An updated working draft for the JLINK initiative was completed.  Interest parties are encouraged to review the JLINK Working Draft 3.0 available at http://ds.jpeg.org/documents/wg1n88031-SI-JLINK_WD_3_0.pdf

JPEG XS

The JPEG committee is pleased to announce a significant step in the standardization of an efficient Bayer image compression scheme, with the first ballot of the 2nd Edition of JPEG XS Part-1.

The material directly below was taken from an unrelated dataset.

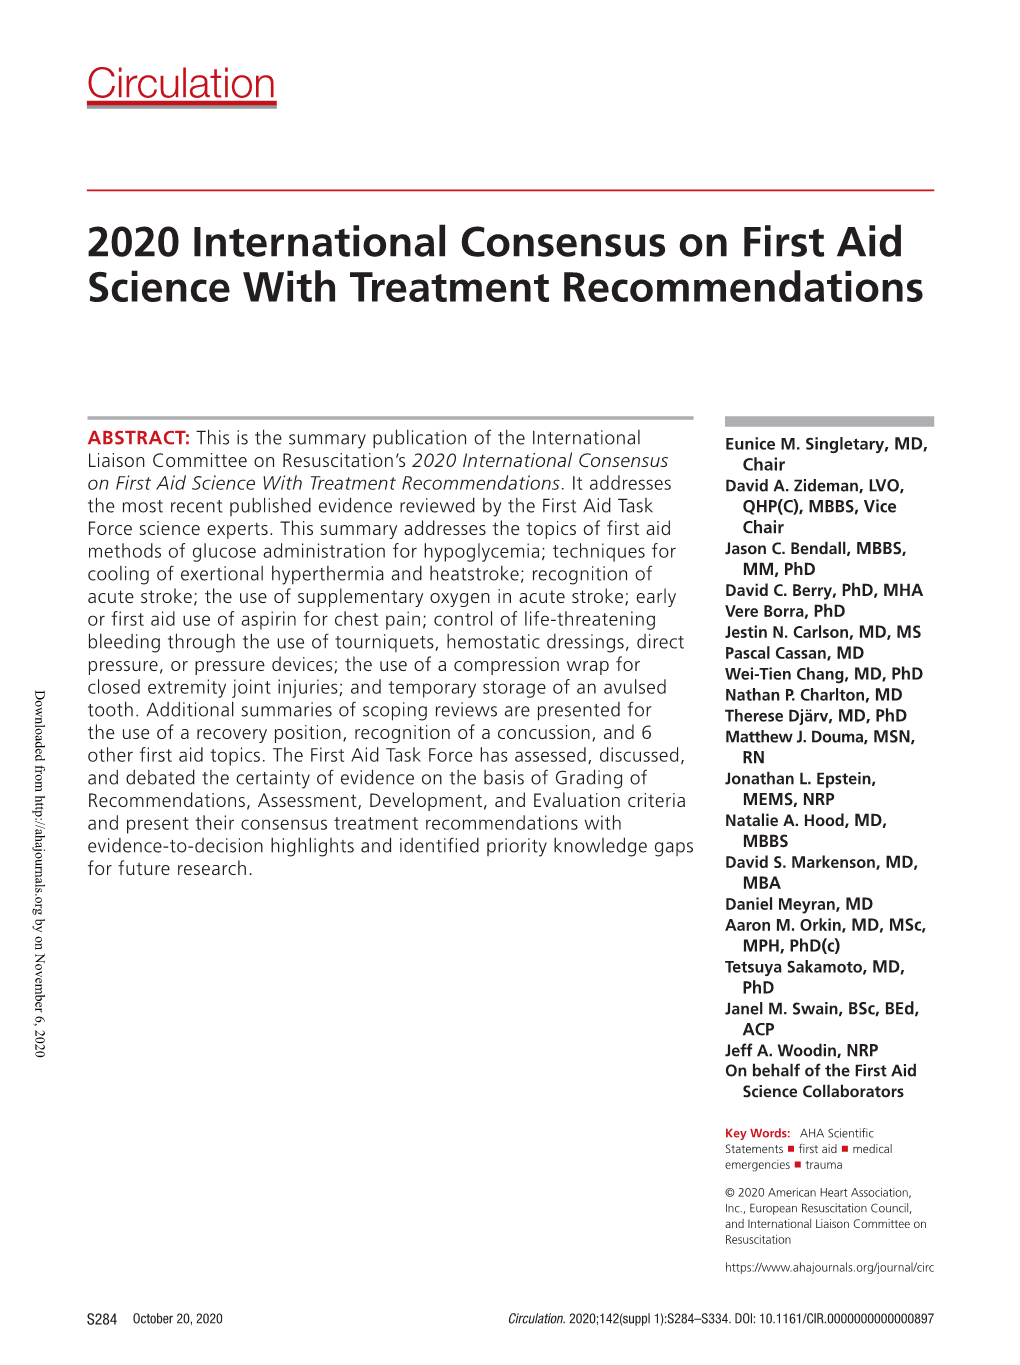 2020 International Consensus on First Aid Science with Treatment Recommendations

The new edition of this visually lossless low-latency and lightweight compression scheme now includes image sensor coding tools allowing efficient compression of Color-Filtered Array (CFA) data. This compression enables better quality and lower complexity than the corresponding compression in the RGB domain.  It can be used as a mezzanine codec in various markets such as real-time video storage in and outside of cameras, and data compression onboard autonomous cars.

Final Quote

“Fake Media has become a challenge with the wide-spread manipulated contents in the news. JPEG is determined to mitigate this problem by providing standards that can securely identify manipulated contents.” said Prof. Touradj Ebrahimi, the Convenor of the JPEG Committee.

Future JPEG meetings are planned as follows:

  • No 89, will be held online from October 5 to 9, 2020.